Here, Young answers some of my lingering questions, touching upon population loss, arson and the “shrinking cities” concept. The discussion returns to some of the same themes that arose back in January when I talked with Francis Grunow about Detroit.

Next City: Let’s start with a political question: [Flint Mayor Dayne] Walling has his recipe for saving Flint. He describes it as taking advantage of the existing schools of higher education, supporting local business and luring in some manufacturing. It strikes me as sticking to all that’s familiar about the town already. Did you get a sense from Walling, in talking to him, that he had some deeper ideas for promoting economic development, but he just wasn’t talking about them on the campaign trail?

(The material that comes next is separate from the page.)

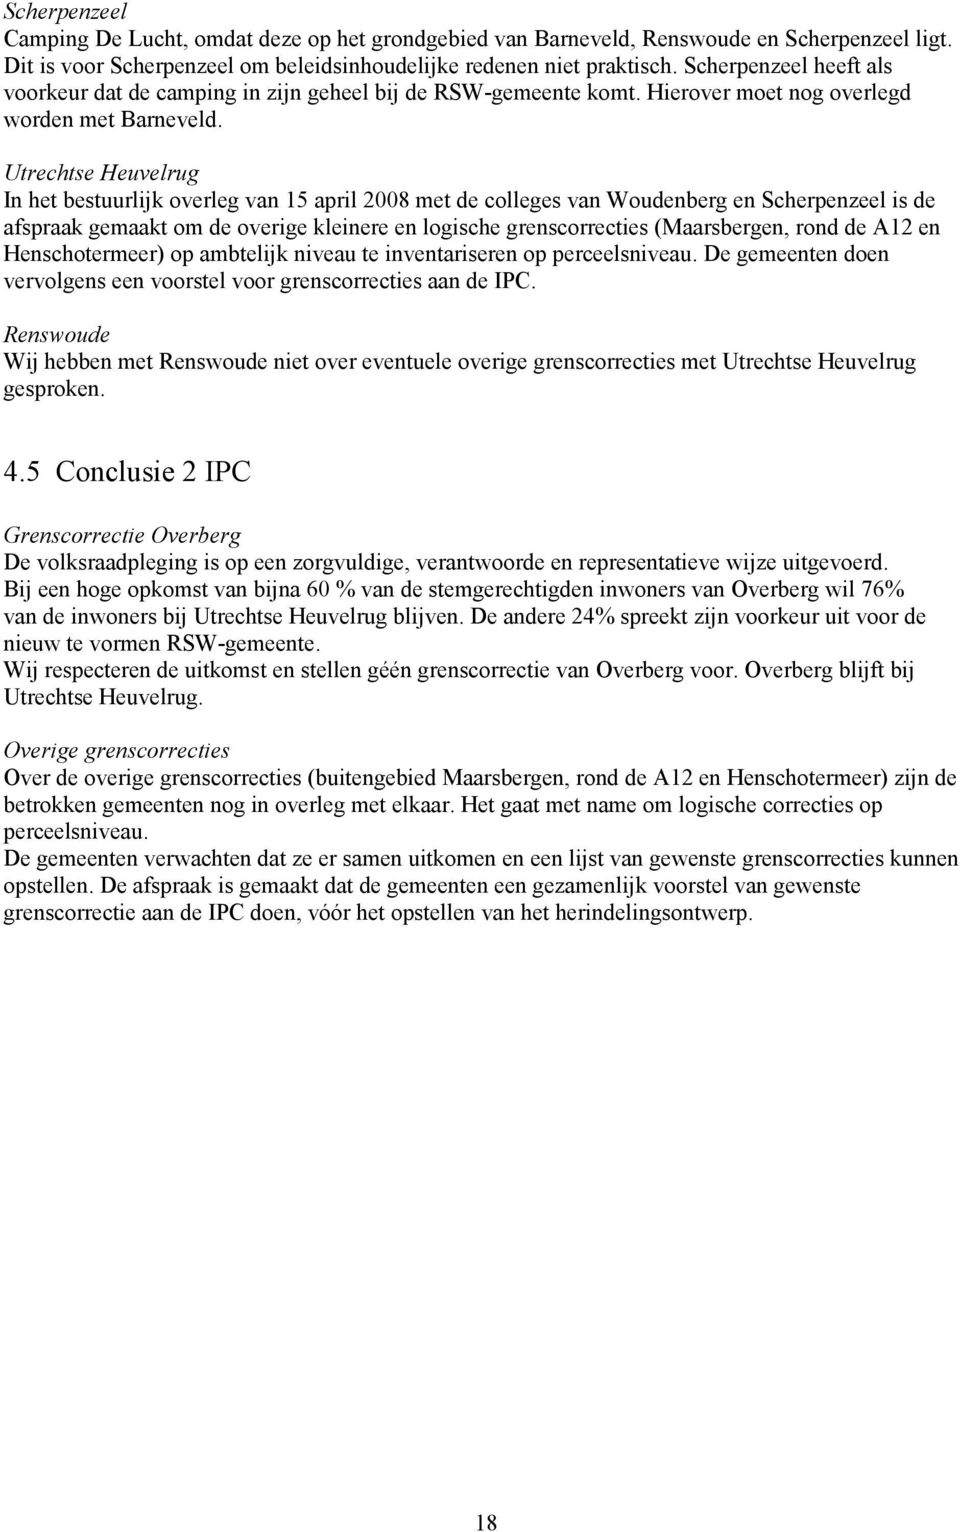 Utrechtse Heuvelrug In het bestuurlijk overleg van 15 april 2008 met de colleges van Woudenberg en Scherpenzeel is de afspraak gemaakt om de overige kleinere en logische grenscorrecties (Maarsbergen,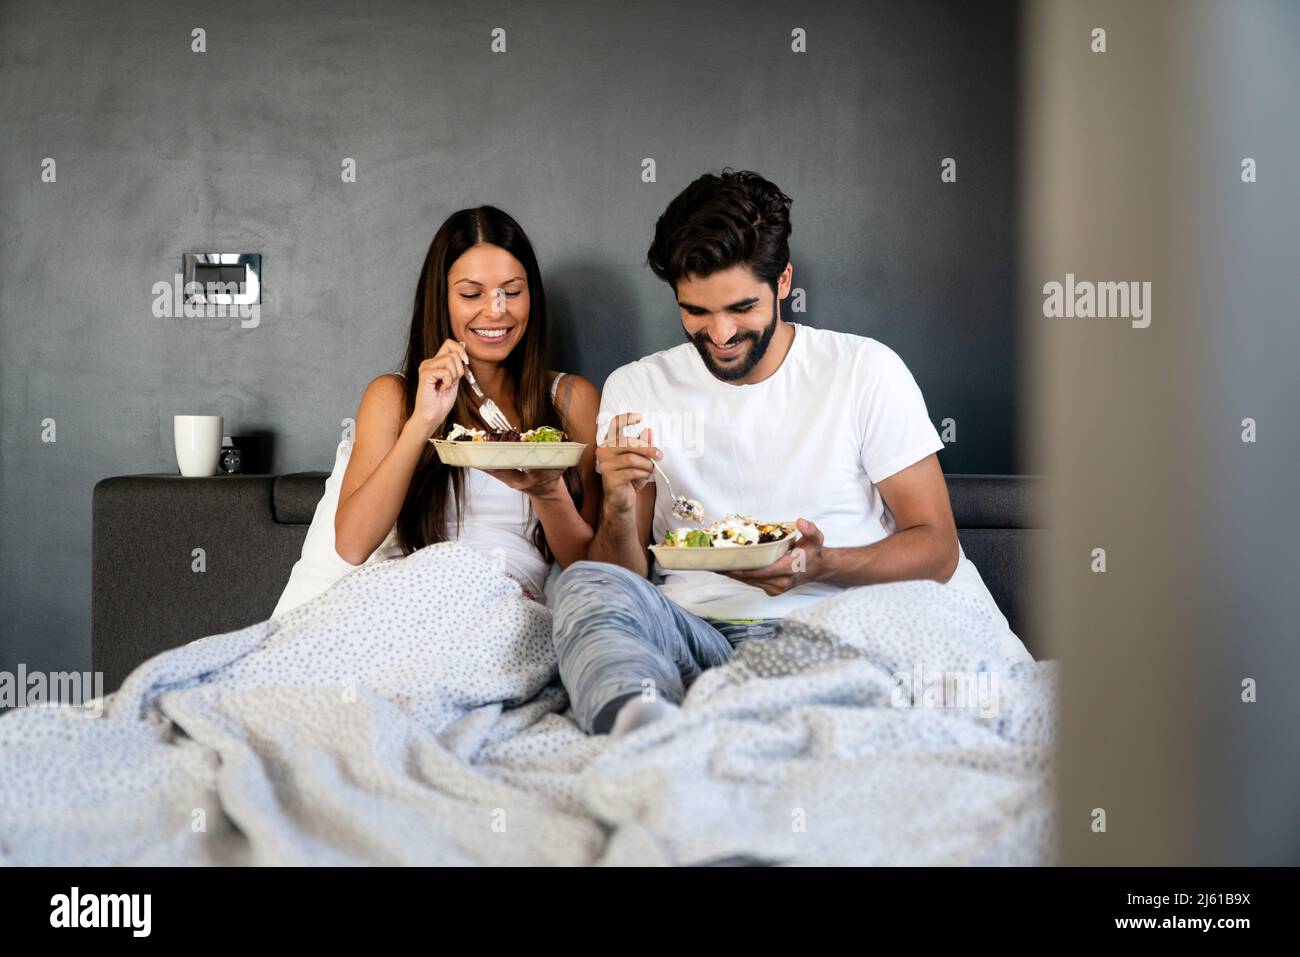 Gesundes Frühstück im Bett. Junge schöne Paar in der Liebe verbringen Zeit zusammen. Guten Morgen. Stockfoto

Gordon Young: Yes. Like most politicians, I believe he delivered a truncated, simplified version of what he hoped to accomplish on the campaign trail. There’s a scene in Teardown where he’s in his den discussing his academic work and his bigger hopes, plans and aspirations for the city, but we talked for a few hours about it. That’s not really feasible in most campaign settings. And, like many politicians, it’s easier to go with broad strokes to avoid alienating voters.

But in many ways, the goals of a mayor in a place like Flint don’t matter. Shrinking cities often don’t really control their own destinies once they get to the crisis stage like Flint. The city needs more police and firefighters, yet public employees are getting laid off to balance the budget. The city needs more revenue, but raising taxes on residents who are struggling only drives more people out of the city and exacerbates the problem. The mayor can do some things, but he has very few options at this point. And, of course, Walling has been replaced by an emergency financial manager, so he holds a largely ceremonial position at the moment.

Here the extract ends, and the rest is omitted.